What if you cut a solid Santa, possibly with a Path Inset so that no white extends outside of the red, and layered the red detailed Santa on top? It won't have texture, but it will be white.
This may sound dumb, but why don't you import the santa into SCAL2, duplicate it and do a shadow, or a shadow/blackout. Then delete the original, or cut them together. On this one I didn' do anything but import the downloaded .svg, import into SCAL2 and did "blackout". I can see that santa needs some help but the theory seems correct.
what am I missing here. I always do it this way and find it much easier. Inquiring minds want to know.

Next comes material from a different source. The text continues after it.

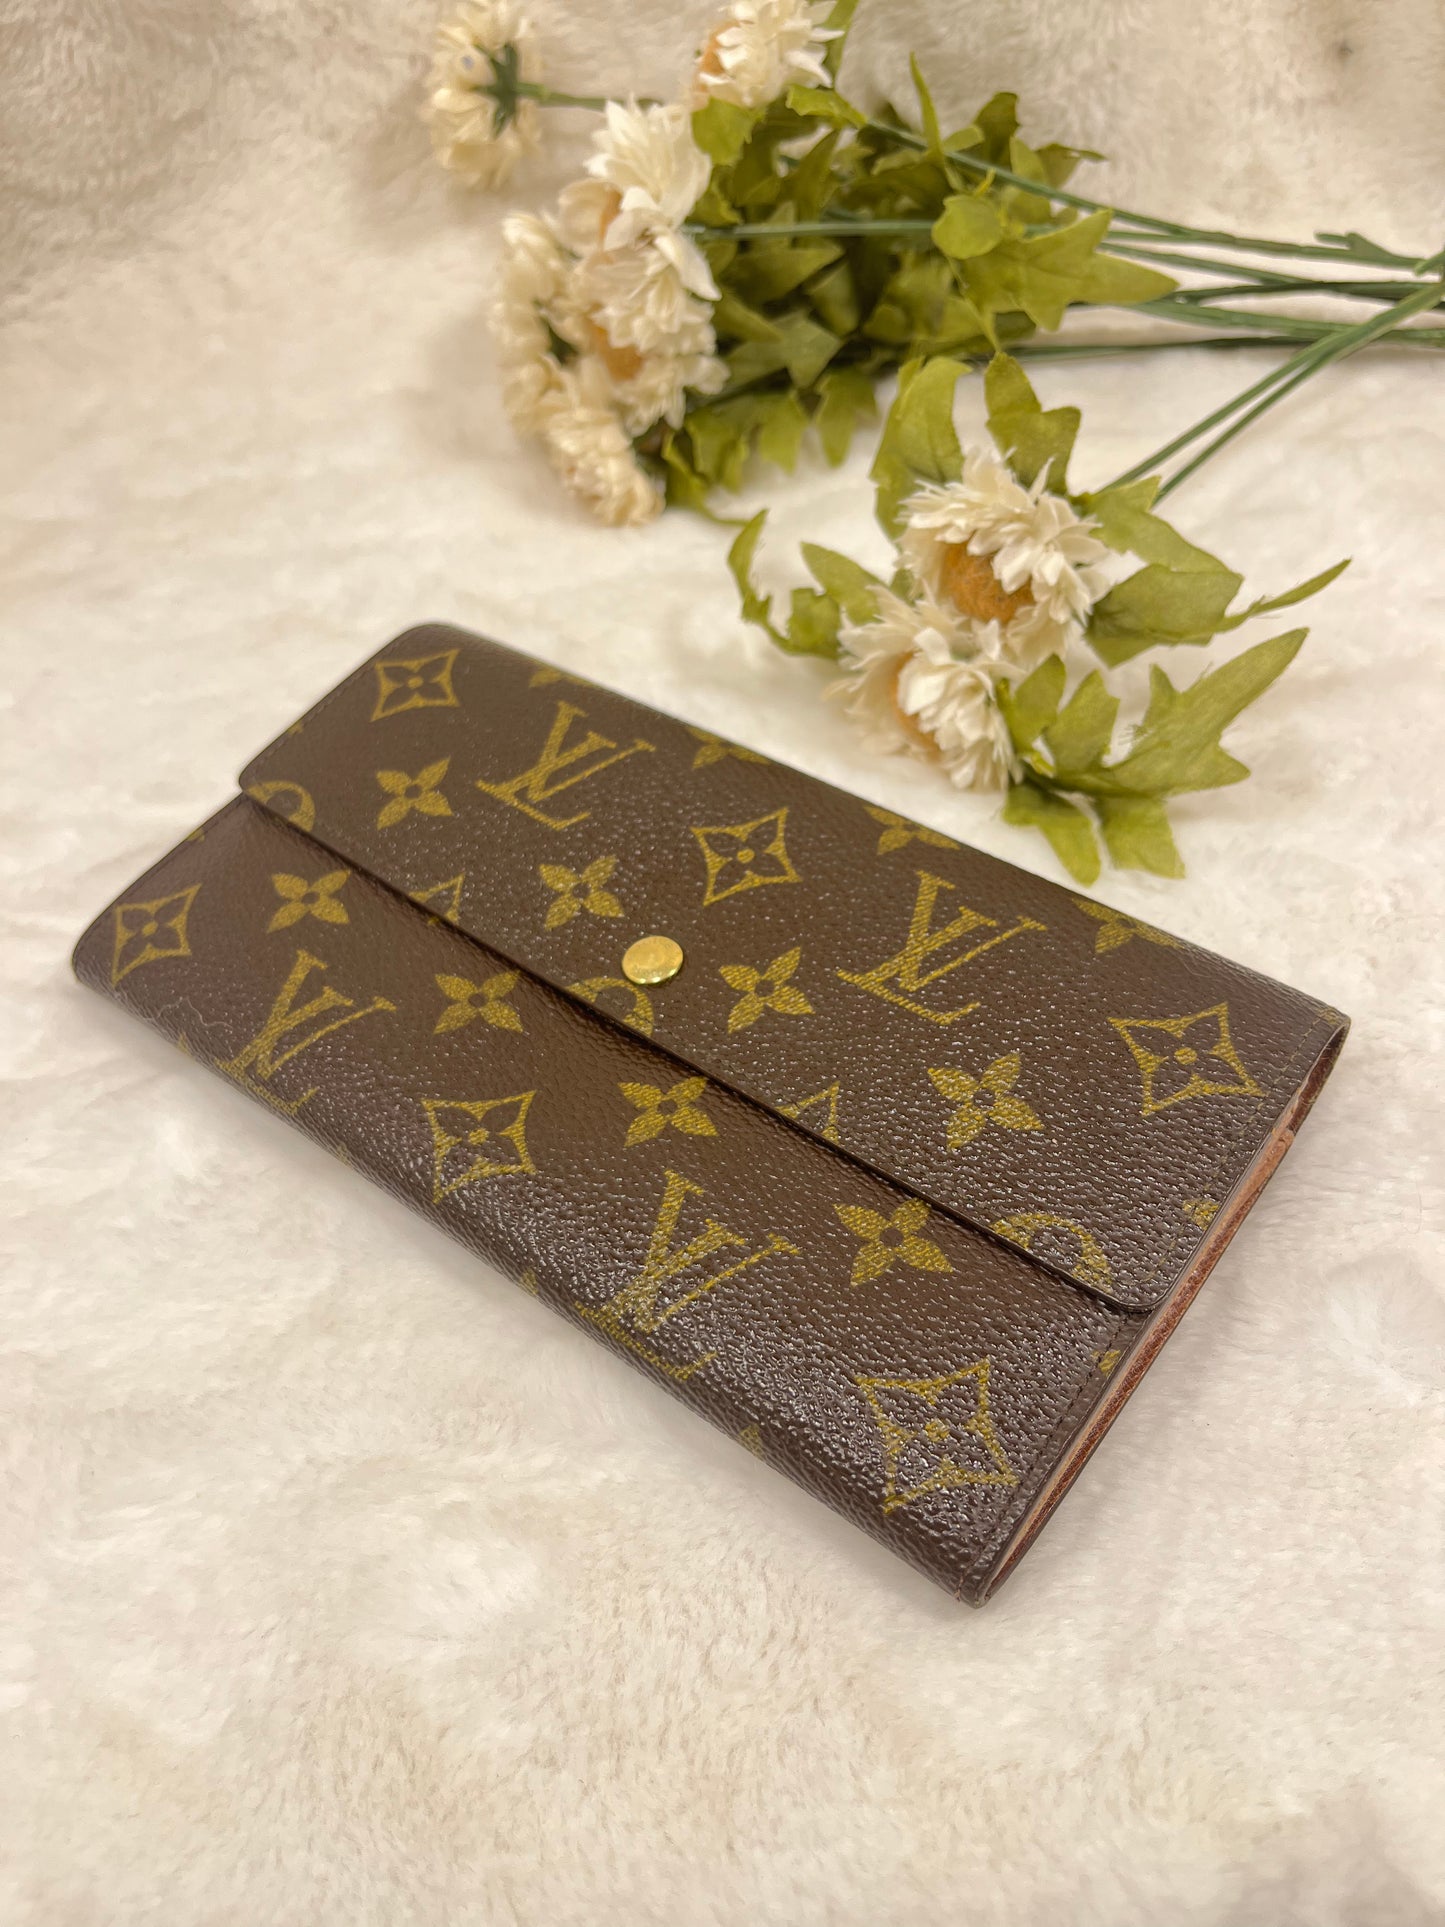 Authentic pre-owned Louis Vuitton Sarah wallet

I am waiting till after the 1st to get scal 2.....have more blocks to get out and just can't go through another learning experience right now....go cricut last Dec and has taken me this long to get this much done...but can't wait....your idea of the shadow blackout is what I remember from earlier post but thought I could do it in ink....got it done the way dogcarbon has shown me....just wondering if I can keep them both the same size in scal...thanks for everyone's help !!Judy
papasue wrote:This may sound dumb, but why don't you import the santa into SCAL2, duplicate it and do a shadow, or a shadow/blackout. Then delete the original, or cut them together. On this one I didn' do anything but import the downloaded .svg, import into SCAL2 and did "blackout". I can see that santa needs some help but the theory seems correct.

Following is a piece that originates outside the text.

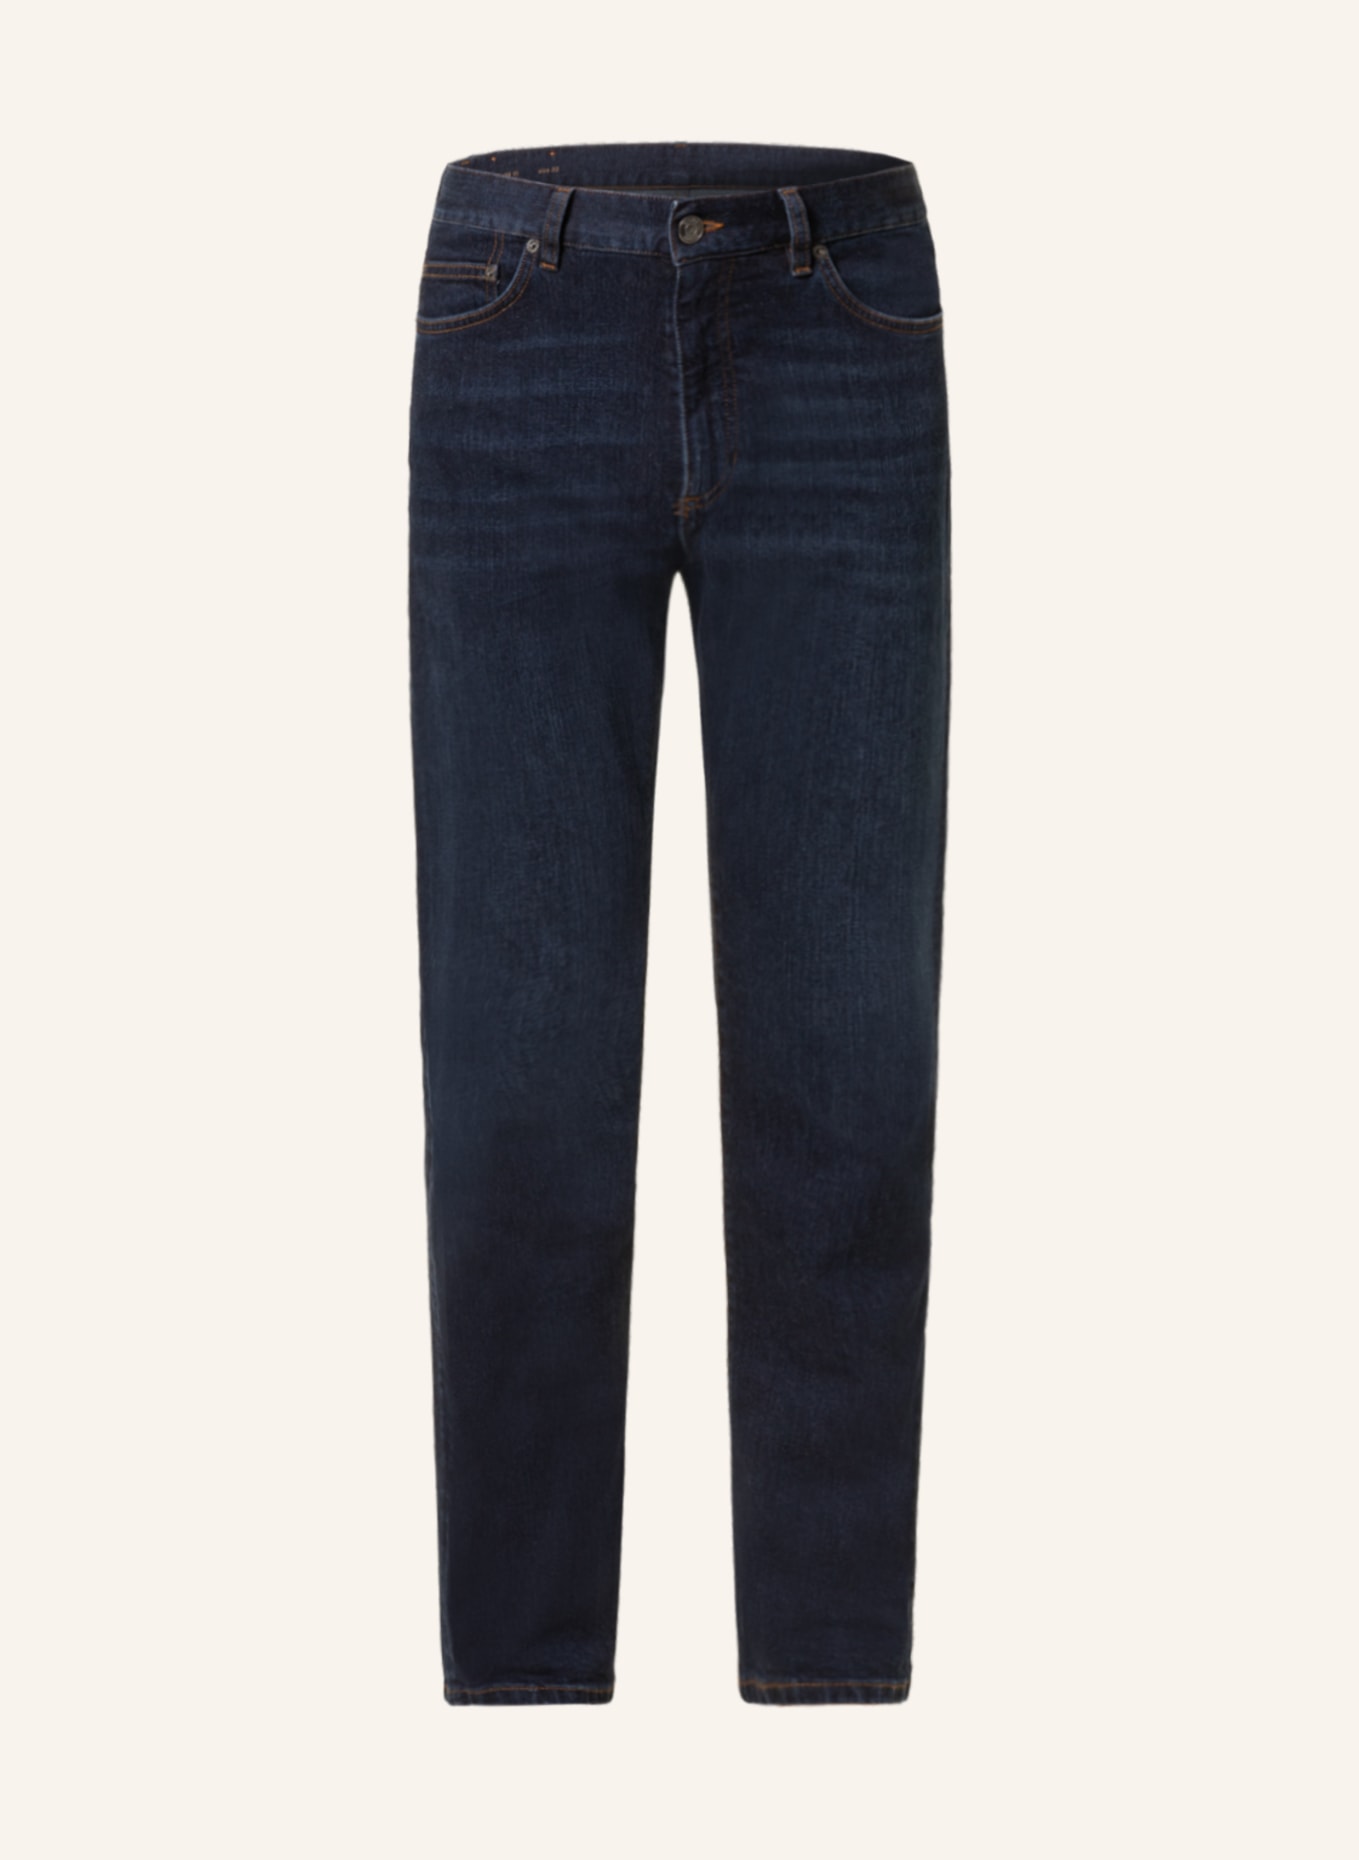 ZEGNA Jeans comfort fit, Color: 001 DARK BLUE (Image 1)

what am I missing here. I always do it this way and find it much easier. Inquiring minds want to know.
For me, I find it easier to manipulate in Ink.... I like seeing the nodes, and knowing exactly where it is going to cut.... I guess I am a geek....
No Todd. I didn't take the time to clean up the original drawing since my point was to illustrate that once you've done your design and gotten it the way you want it you can import it into SCAL and do a blackout to accomplish the same thing a little faster and easier than in Ink especially if you are a newbie to Ink.
I just wanted to make sure I was understanding correctly since I don't use Ink very often. I know in the past when I have used Ink, some files look funny but actually cut correctly which I don't understand either with the SCAL program. I was thinking this might have been one of those instances.
talanhart wrote:I know in the past when I have used Ink, some files look funny but actually cut correctly which I don't understand either with the SCAL program. I was thinking this might have been one of those instances.
SusanE uses Ink47 since she has a Mac. You have to use any of the Path operations in the section with Path/Union and Path/Exclusion to get an Ink47 vector for SCAL. This includes traces, vector PDF files, fonts, and it looks like files originally made in Ink46.